My attention has just been drawn to an alleged boasting by an INEC Official who was quoted as saying that there exists a 2001 Court of Appeal judgment which held that no court can stop INEC in its recall of a lawmaker. He was also quoted to have cited sections 87(10) and 110 of the Electoral Act. For these, he allegedly posited that INEC would not obey the injunctive relief granted against it and in favour of Senator Dino Melaye, halting it from going on with the recall initiative.
This argument, to say the least, is outrageously specious and constitutes a dangerous red herring in our justice system and legal jurisprudence. The last time I checked, INEC is only in charge of election matters, not in the administration of justice. Let INEC officials first obey the present clear order of the Federal High Court, Abuja, Coram, Justice John Tsoho, even if they believe the judgment is wrong, illegal, or delivered per incuriam. That is the right thing to do in a constitutional democracy governed by laws, such as we operate. INEC can then come forward and plead its case and even cite authorities from heaven, if it genuinely believes it has a good case.

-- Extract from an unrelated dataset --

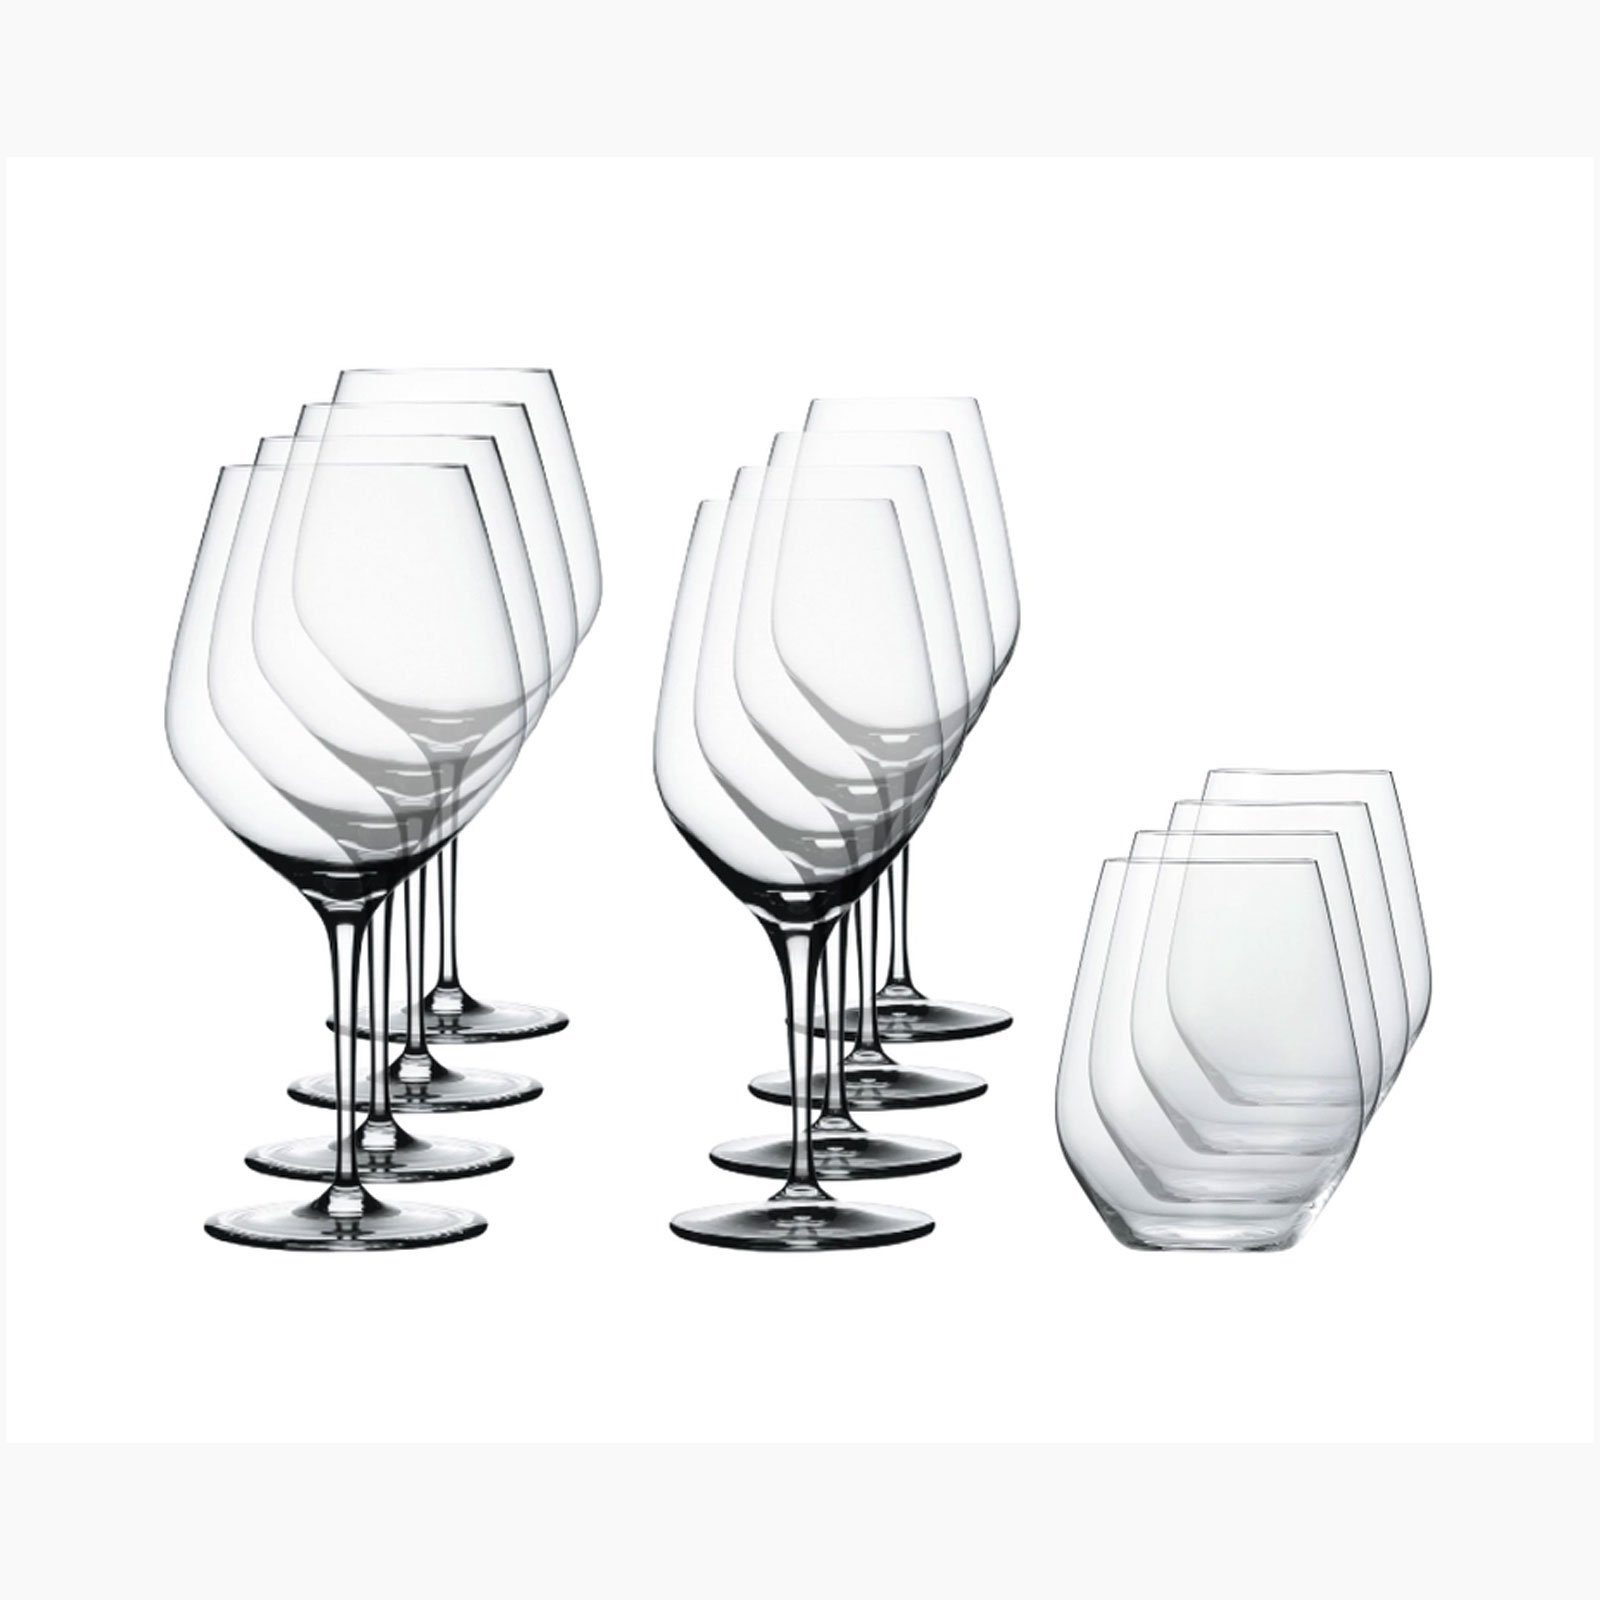 SPIEGELAU Glas AUTHENTIS, maschinell gefertigt, Kristallglas, spülmaschinenfest

INEC is legally prohibited from choosing and picking which order of court to obey, or which not to obey, through its self- assumed whimsical and capricious interpretation of laws and judgments. INEC is part and parcel of the Executive arm of government and CAN NOT usurps the interpretative functions and powers of courts of law, which belong to the hallowed precincts of the Judiciary, another arm of government. The doctrine of separation of powers, of checks and balances, ably espoused by the great French philosopher, Baron de Montesquieu in 1748, and enacted into sections 4, 5 and 6 of the 1999 Constitution, still holds sway today as it ever was.
I had wanted to believe that INEC was initially defiant about obeying the clear order because it had not received the order for the “maintenance of the status quo as at 6th July, 2017”, which was only served on its officials on Monday morning. But, if INEC persists in its obduracy, contumacy and wanton breach of a clear order of the court, its top management should be ready and prepared to embrace the cold and dire legal consequences: imprisonment, after the issuance on them of forms 48 and 49, dealing with contempt proceedings for disobedience of valid and extant court orders.
A word is enough for the wise. To say more at this stage will be otiose.
Chief Mike Ozekhome, SAN, OFR, FCIArb, LL.D
Constitutional Lawyer and Human Rights Activist;
Counsel to Senator Dino Melaye.
Nothing could be more specious than Mr Ozekhome’s outburst. If Justice Tsoho’s order was to the effect of “maintenance of the status quo as at 6th July, 2017”, then INEC is correct in going ahead with all aspects of the recall. How does the above tantamount to an injunction against going ahead with the recall of Senator Melaye? The status quo ante as of the above date was INEC’s outlined sequences of carrying out the recall. Since the court wants INEC to maintain it, then INEC is maintaining it by going ahead with its outlined program.
It is disgraceful that a lawyer of Ozekhome’s standing could be this ignorant of what constitutes “status quo”. If Ozekhome wanted an injunction against going ahead with the recall, why didn’t he have the judge issue one specifically to that effect? No reasonable judge would issue an injunction against INEC (over this recall) based on the speculative reasons adduced in Melaye’s prayers. Is Ozekhome actually being ignorant of the law or he is misleading his seemingly ignorant client?